D’ora in poi ci si potrà preoccupare di meno quando qualcuno è fuori di sé. Certo detto questo modo potrebbe indurre l’inizio di una discussione kilometrica sull’argomento, ma Marina Weiler e alcuni suoi colleghi del dipartimento di neuroscienze della statunitense Università della Virginia, in uno studio appena pubblicato sulla Neuroscience & Biobehavioral Review, ci credono veramente anche perché è una cosa molto seria.  

L’attenzione dei ricercatori è stata attirata dal significativo incremento dell’empatia manifestato da soggetti che stavano sperimentando esperienze di distacco dal proprio corpo. Uno stato di dissoluzione dell’io, indotto da cause molteplici, come le esperienze di pre-morte o l’uso di sostanze allucinogene, che spesso muta radicalmente il proprio punto di vista sul mondo e sul posto che ognuno vi occupa. “La separazione dal corpo fisico non di rado conduce a un senso di interconnessione con la vita nella sua interezza e a una più profonda connessione emotiva con gli altri, influenzando le relazioni personali e l’armonia sociale”, scrivono i ricercatori d’Oltreoceano.

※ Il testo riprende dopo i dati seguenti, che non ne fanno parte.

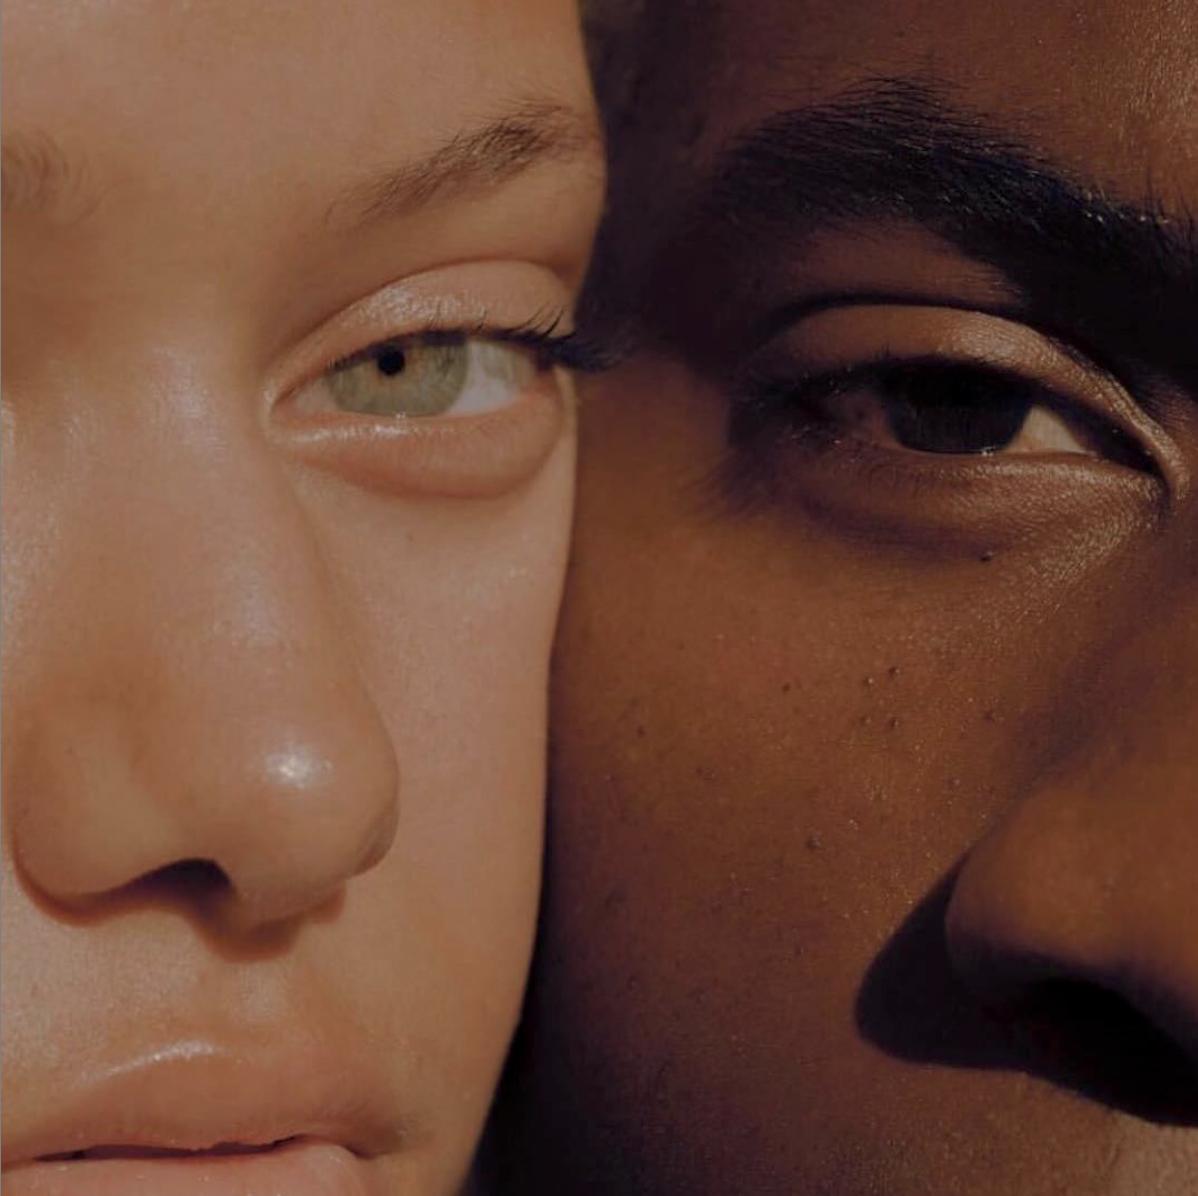 HALO AESTHETICS BAR - West Hollywood's Best-Kept Beauty Secret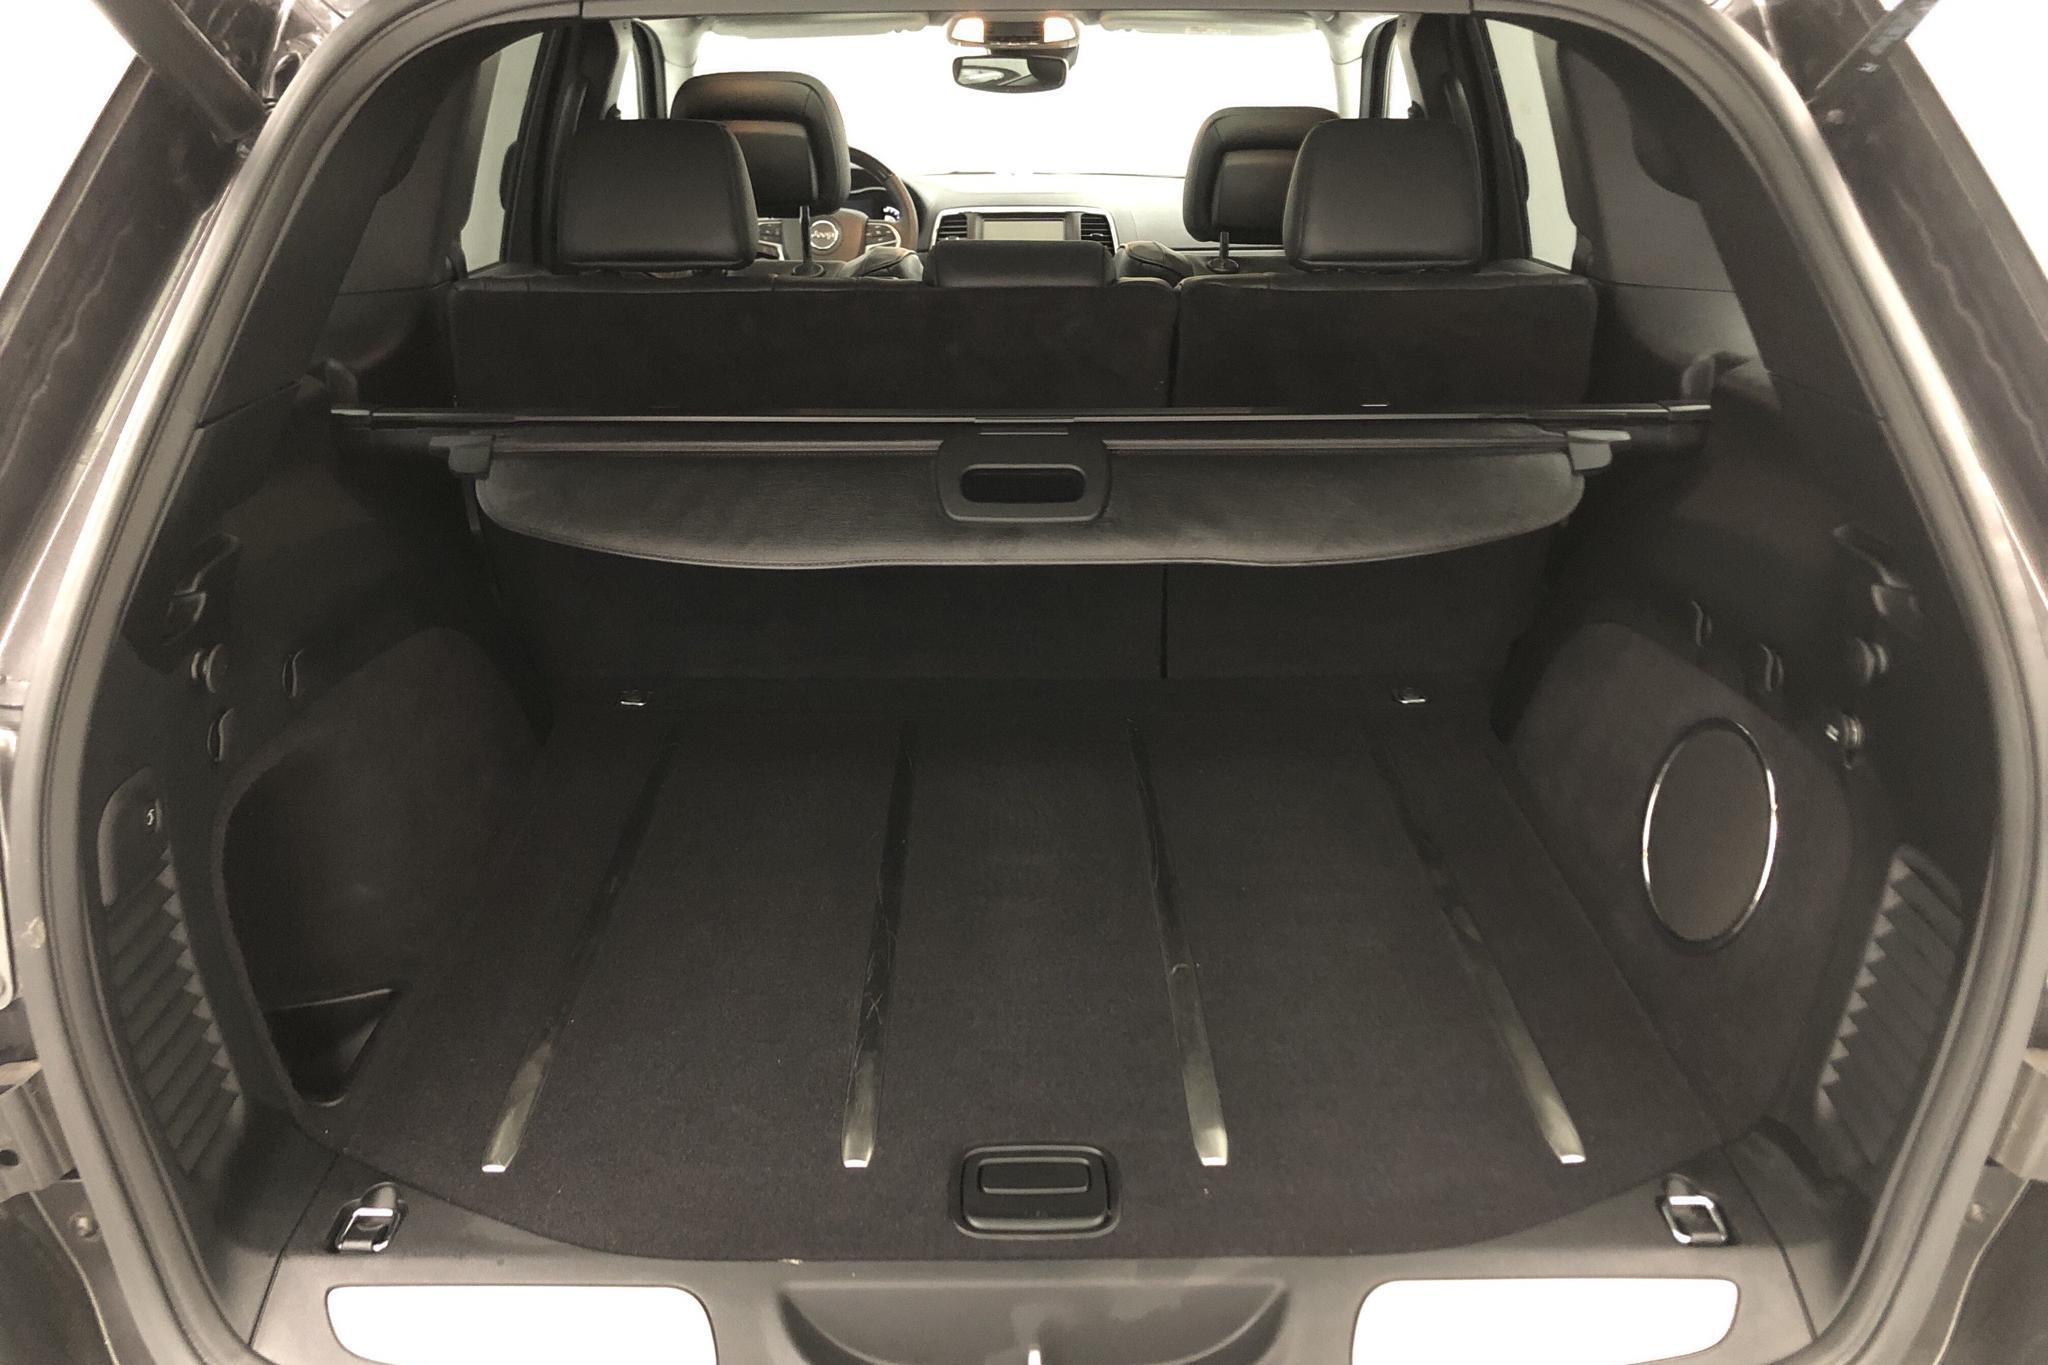 Jeep Grand Cherokee 3.0 CRD V6 AWD (250hk) - 2 921 mil - Automat - grå - 2017

Le esperienze di distacco dal corpo possono infatti sembrare più vere della realtà stessa, e più della metà dei soggetti studiati ha definito in seguito i suoi rapporti con gli altri come più rilassati e pacifici. Alcuni sono andati oltre, definendosi più spirituali e più convinti della possibilità di una vita dopo la morte. In effetti ci sono persone che hanno vissuto questo tipo di esperienza. Insomma sono andati di là e poi sono ritornati. Si potrebbero fare tantissimi esempi in merito e probabilmente avremo modo in futuro di approfondire meglio l’argomento.

Marina Weiler conclude dicendo che al momento non è chiaro cosa accada nel cervello quando si producono simili cambiamenti nella percezione di sé e degli altri, ma scoprirlo potrebbe aprire la strada per rinforzare gli effetti benefici dell’indebolimento del sé durante un’epoca particolarmente conflittuale come quella in corso (e la maggior parte delle altre che l’hanno preceduta). Peccato che il problema sarà farlo capire alla gente comune ormai abituata dai social network a trasformare in narrazione epica anche quelli che una volta altro che non erano che i rumori di fondo della quotidianità. A tale proposito vi suggeriamo di guardare il film bellissimo dal titolo: Dragonfly, in cui l’argomento è spiegato molto bene e può esserci d’aiuto per avere una visione d’insieme più ampia.

La storia è quella di una coraggiosa oncologa pediatrica che muore in un incidente sull’autobus in cui viaggiava in Venezuela, per portare la sua assistenza specializzata ai bambini delle popolazioni più povere. Il suo corpo non viene ritrovato. Il marito medico, era contrario alla sua partenza anche per via della gravidanza in corso. Cercando di convivere con il dolore, entra in contatto con i bambini pazienti nel reparto oncologia pediatrica della moglie.

Loro gli raccontano di esperienze di premorte in cui la dottoressa parla loro proprio di lui e riempiono le loro stanze d’ospedale di disegni raffiguranti una specie di croce ondulata. L’uomo ne discute con una suora che gli parla di fede. Lui capisce che sua moglie sta cercando di contattarlo per fargli capire qualcosa di importante.

Guardando le ultime foto inviategli dalla moglie, che la ritraevano vicina ad una cascata, parte senza indugi alla ricerca del villaggio vicino al quale avvenne l’incidente in cui la moglie perse la vita. Una volta giunto sul posto, la scoperta finale sarà assolutamente sconvolgente: la moglie era stata trovata morta, dopo l’incidente, dagli abitanti del villaggio in cui lei aveva prestato aiuto, e grazie al loro aiutò la bambina che portava in grembo, seppur nata prematura, è viva e custodita in una delle loro capanne, in quanto, come dice il capovillaggio, “non abbiamo salvato il suo corpo ma la sua anima”.